Auxiliary definition for SMul.comp, MulAction.compHom, DistribMulAction.compHom, Module.compHom, etc.

Equations

• SMul.comp.smul g n a = g n • a

def VAdd.comp.vadd {M : Type u_1} {N : Type u_2} {α : Type u_5} [VAdd M α] (g : N → M) (n : N) (a : α) : α

Auxiliary definition for VAdd.comp, AddAction.compHom, etc.

Equations

• VAdd.comp.vadd g n a = g n +ᵥ a

@[reducible, inline]

abbrev SMul.comp {M : Type u_1} {N : Type u_2} (α : Type u_5) [SMul M α] (g : N → M) : SMul N α

An action of M on α and a function N → M induces an action of N on α.

Equations

• SMul.comp α g = { smul := SMul.comp.smul g }

@[reducible, inline]

abbrev VAdd.comp {M : Type u_1} {N : Type u_2} (α : Type u_5) [VAdd M α] (g : N → M) : VAdd N α

An additive action of M on α and a function N → M induces an additive action of N on α.

Equations

• VAdd.comp α g = { vadd := VAdd.comp.vadd g }

theorem SMul.comp.isScalarTower {M : Type u_1} {N : Type u_2} {α : Type u_5} {β : Type u_6} [SMul M α] [SMul M β] [SMul α β] [IsScalarTower M α β] (g : N → M) : IsScalarTower N α β

Given a tower of scalar actions M → α → β, if we use SMul.comp to pull back both of M's actions by a map g : N → M, then we obtain a new tower of scalar actions N → α → β.

This cannot be an instance because it can cause infinite loops whenever the SMul arguments are still metavariables.

theorem VAdd.comp.vaddAssocClass {M : Type u_1} {N : Type u_2} {α : Type u_5} {β : Type u_6} [VAdd M α] [VAdd M β] [VAdd α β] [VAddAssocClass M α β] (g : N → M) : VAddAssocClass N α β

Given a tower of additive actions M → α → β, if we use SMul.comp to pull back both of M's actions by a map g : N → M, then we obtain a new tower of scalar actions N → α → β.

This cannot be an instance because it can cause infinite loops whenever the SMul arguments are still metavariables.

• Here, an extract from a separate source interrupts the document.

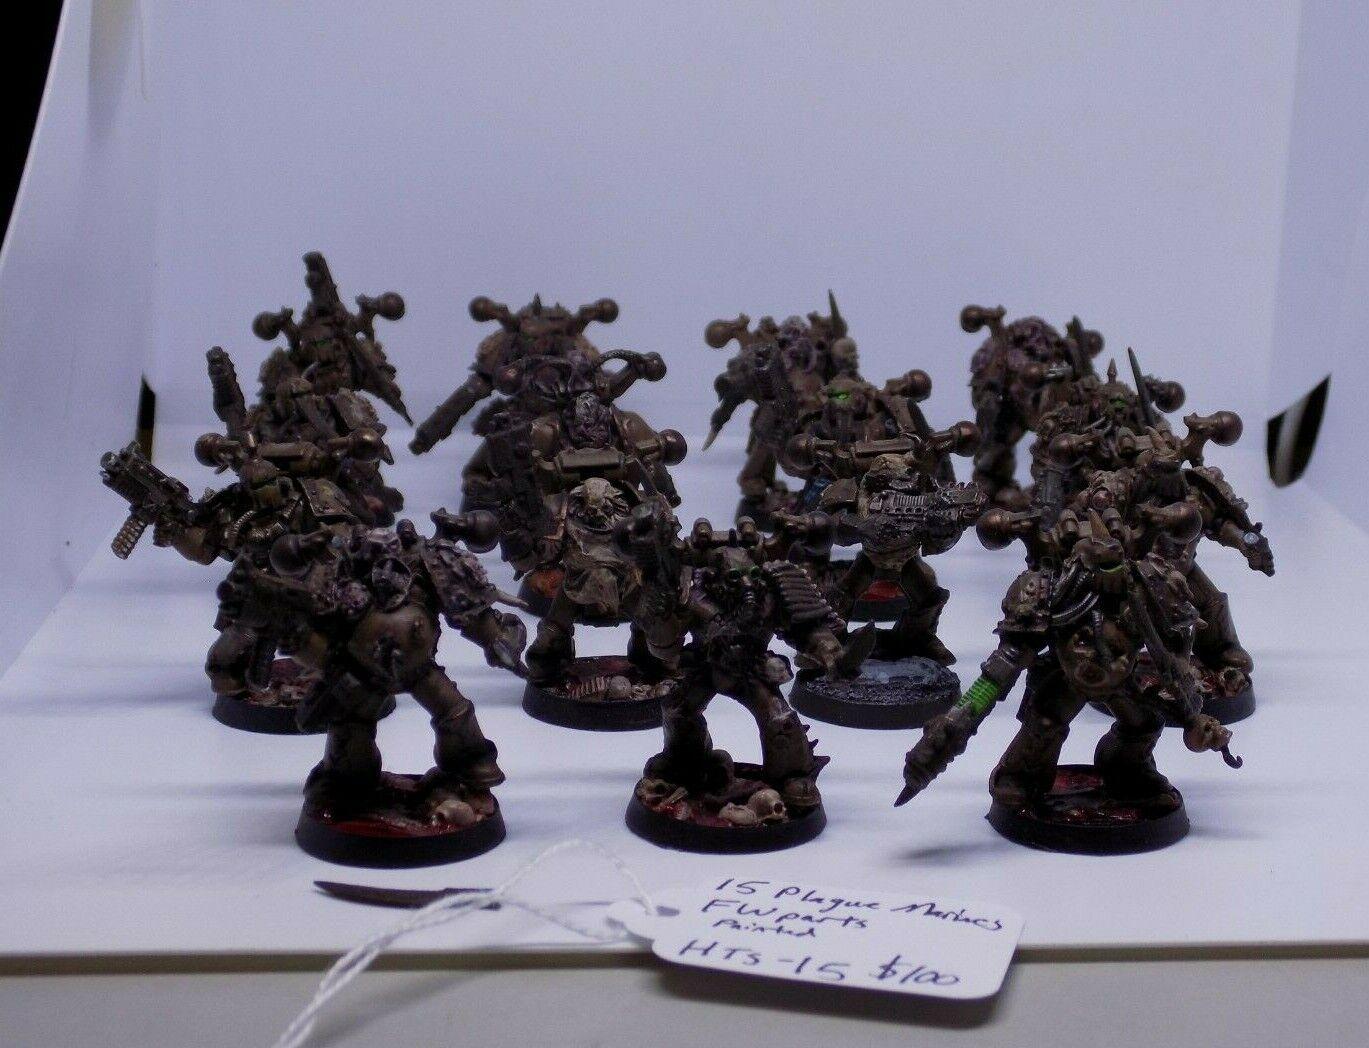 Warhammer 40k Chaos Space Marines 15 Death Guard Plague Marines (HTS 15)

theorem SMul.comp.smulCommClass {M : Type u_1} {N : Type u_2} {α : Type u_5} {β : Type u_6} [SMul M α] [SMul β α] [SMulCommClass M β α] (g : N → M) : SMulCommClass N β α

This cannot be an instance because it can cause infinite loops whenever the SMul arguments are still metavariables.

theorem VAdd.comp.vaddCommClass {M : Type u_1} {N : Type u_2} {α : Type u_5} {β : Type u_6} [VAdd M α] [VAdd β α] [VAddCommClass M β α] (g : N → M) : VAddCommClass N β α

This cannot be an instance because it can cause infinite loops whenever the VAdd arguments are still metavariables.

theorem SMul.comp.smulCommClass' {M : Type u_1} {N : Type u_2} {α : Type u_5} {β : Type u_6} [SMul M α] [SMul β α] [SMulCommClass β M α] (g : N → M) : SMulCommClass β N α

This cannot be an instance because it can cause infinite loops whenever the SMul arguments are still metavariables.

theorem VAdd.comp.vaddCommClass' {M : Type u_1} {N : Type u_2} {α : Type u_5} {β : Type u_6} [VAdd M α] [VAdd β α] [VAddCommClass β M α] (g : N → M) : VAddCommClass β N α

This cannot be an instance because it can cause infinite loops whenever the VAdd arguments are still metavariables.

theorem mul_smul_comm {α : Type u_5} {β : Type u_6} [Mul β] [SMul α β] [SMulCommClass α β β] (s : α) (x y : β) : x * s • y = s • (x * y)

Note that the SMulCommClass α β β typeclass argument is usually satisfied by Algebra α β.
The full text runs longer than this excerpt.